Es lo que enseña la experiencia de los místicos. San Gregorio de Nisa, padre de la Iglesia del siglo IV, escribe: «Allí está la divinidad, donde no llega la comprensión». Es decir, mientras haya comprensión, no puede haber una auténtica experiencia de Dios.
Un siglo más tarde, San Agustín dice lo mismo: «Si lo has comprendido, no es Dios».
Sin embargo, con mayor razón vuelve la pregunta sobre qué significa amar a Dios: ¿cómo puedo amar lo que no entiendo?
San Agustín se planteaba la pregunta dirigiéndose directamente a Dios: «¿Qué amo realmente cuando te amo?».
En la respuesta no menciona ni a la Iglesia, ni a la Biblia, ni a Jesús, sino que procede negando una serie de cosas bellas como objeto de su amor por Dios:
«No es la belleza del cuerpo, ni la gracia de la edad, ni el resplandor de la luz, ni las dulces melodías de los cantos, ni la fragancia de las flores, los ungüentos, los aromas, ni el maná y la miel, ni los miembros hechos para los abrazos carnales: no es esto lo que amo al amar a mi Dios».
Y luego continúa: «Sin embargo, al amar a mi Dios, amo una cierta luz y una cierta voz y un cierto perfume y un cierto alimento y un cierto abrazo».
Y precisa: «La luz, la voz, el perfume, el alimento y el abrazo del hombre interior que está en mí».
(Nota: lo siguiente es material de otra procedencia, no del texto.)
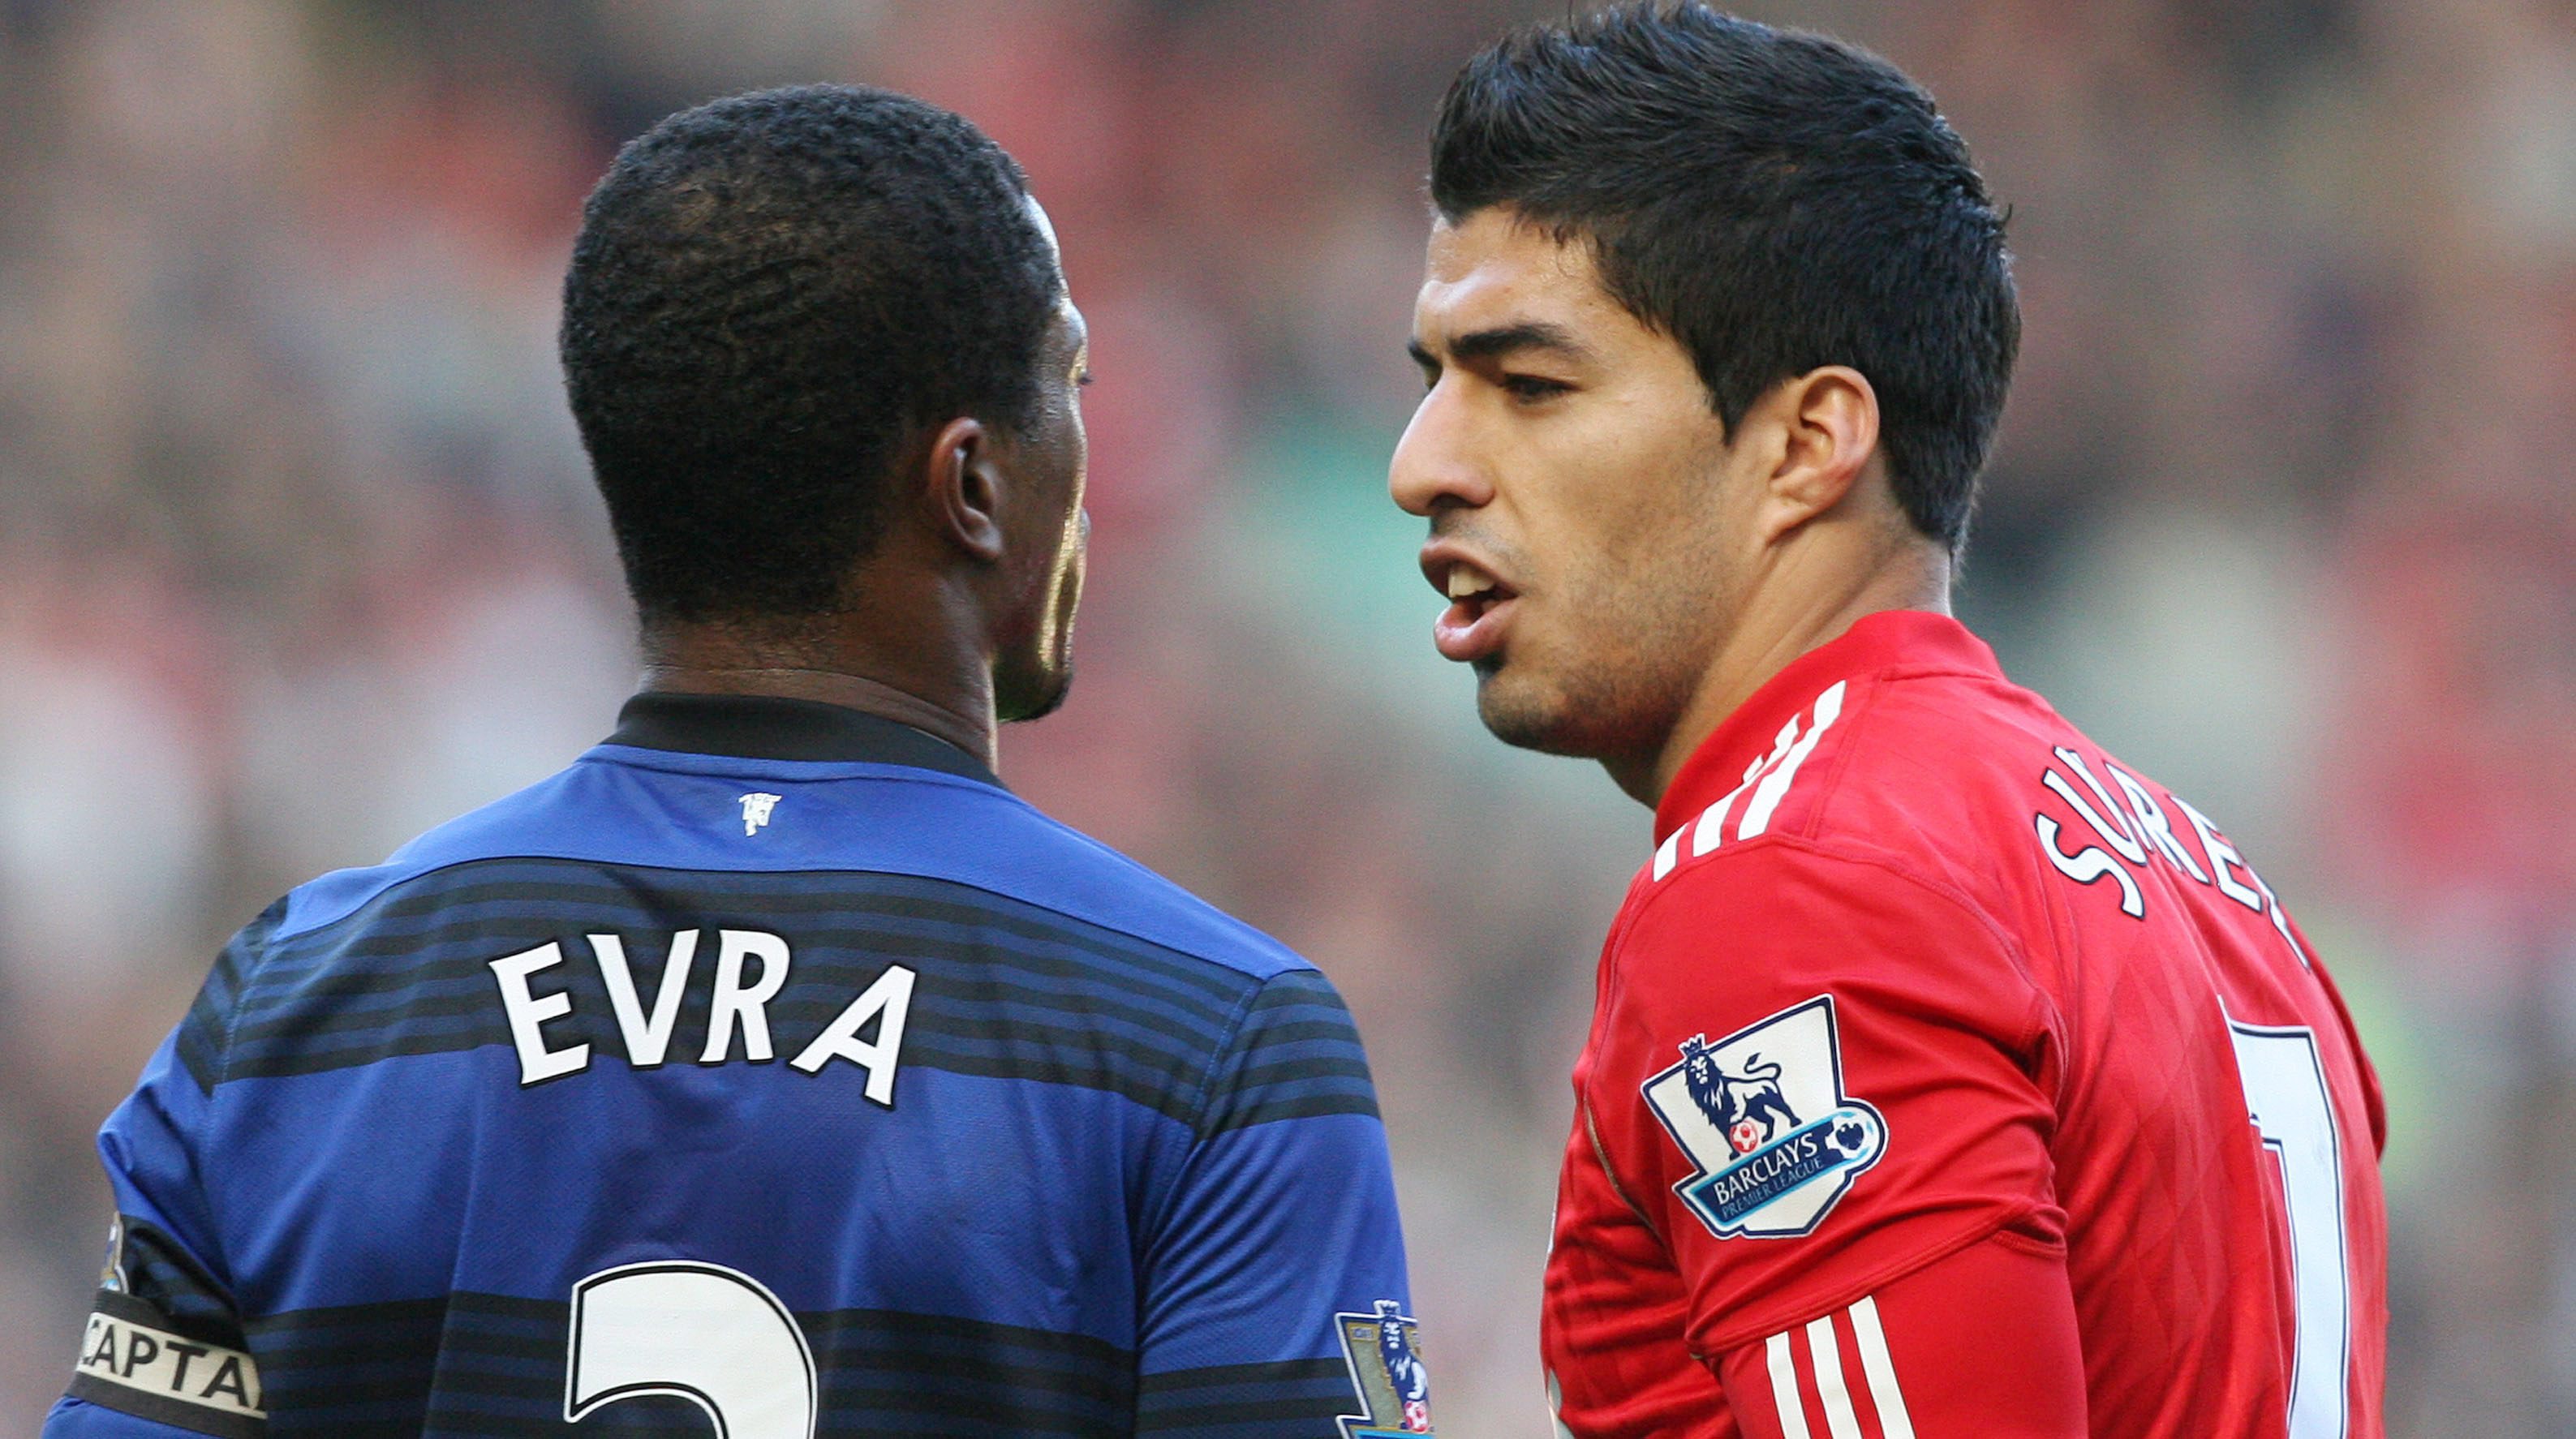 Luis Suarez racially abused Patrice Evra in the Premier League. Photo: EPA

He aquí el punto: al amar a Dios, se ama la luz de nuestra interioridad. Es decir, la promesa de sentido, de belleza, de justicia, de bien, contenida en nuestra conciencia y en la que, en última instancia, consiste nuestra conciencia. Parece, pues, que entre el amor a Dios y el amor a uno mismo no hay oposición; al contrario, al amar a Dios se ama la luz del hombre interior que está en nosotros.
Muchos siglos después de San Agustín, reflexionando sobre el amor humano, el joven Hegel, a los 28 años, escribió: «El amor solo puede tener lugar cuando nos ponemos ante nuestro igual, ante el espejo y ante el eco de nuestra esencia». ¡Es exactamente la misma dinámica que captó Agustín con respecto al amor a Dios!
Amo a Dios y amo la luz del hombre interior que hay en mí. La amo (o lo amo) y amo la luz del hombre interior que hay en mí.
¿Egoísmo supremo? No, porque si amo salgo de mí mismo, hay un cambio de estado: pero este cambio es en realidad plenitud. Nos realizamos cuando nos unimos con nuestra mitad, recreando al hombre original, según el mito de Platón narrado en “El banquete”; y nos realizamos cuando nos unimos con la promesa de sentido, belleza, justicia y amor que transmite el concepto de Dios.
La separación entre amor sagrado y amor profano desaparece en este punto, porque cuando se desciende a lo más profundo, el amor es siempre y solo sagrado.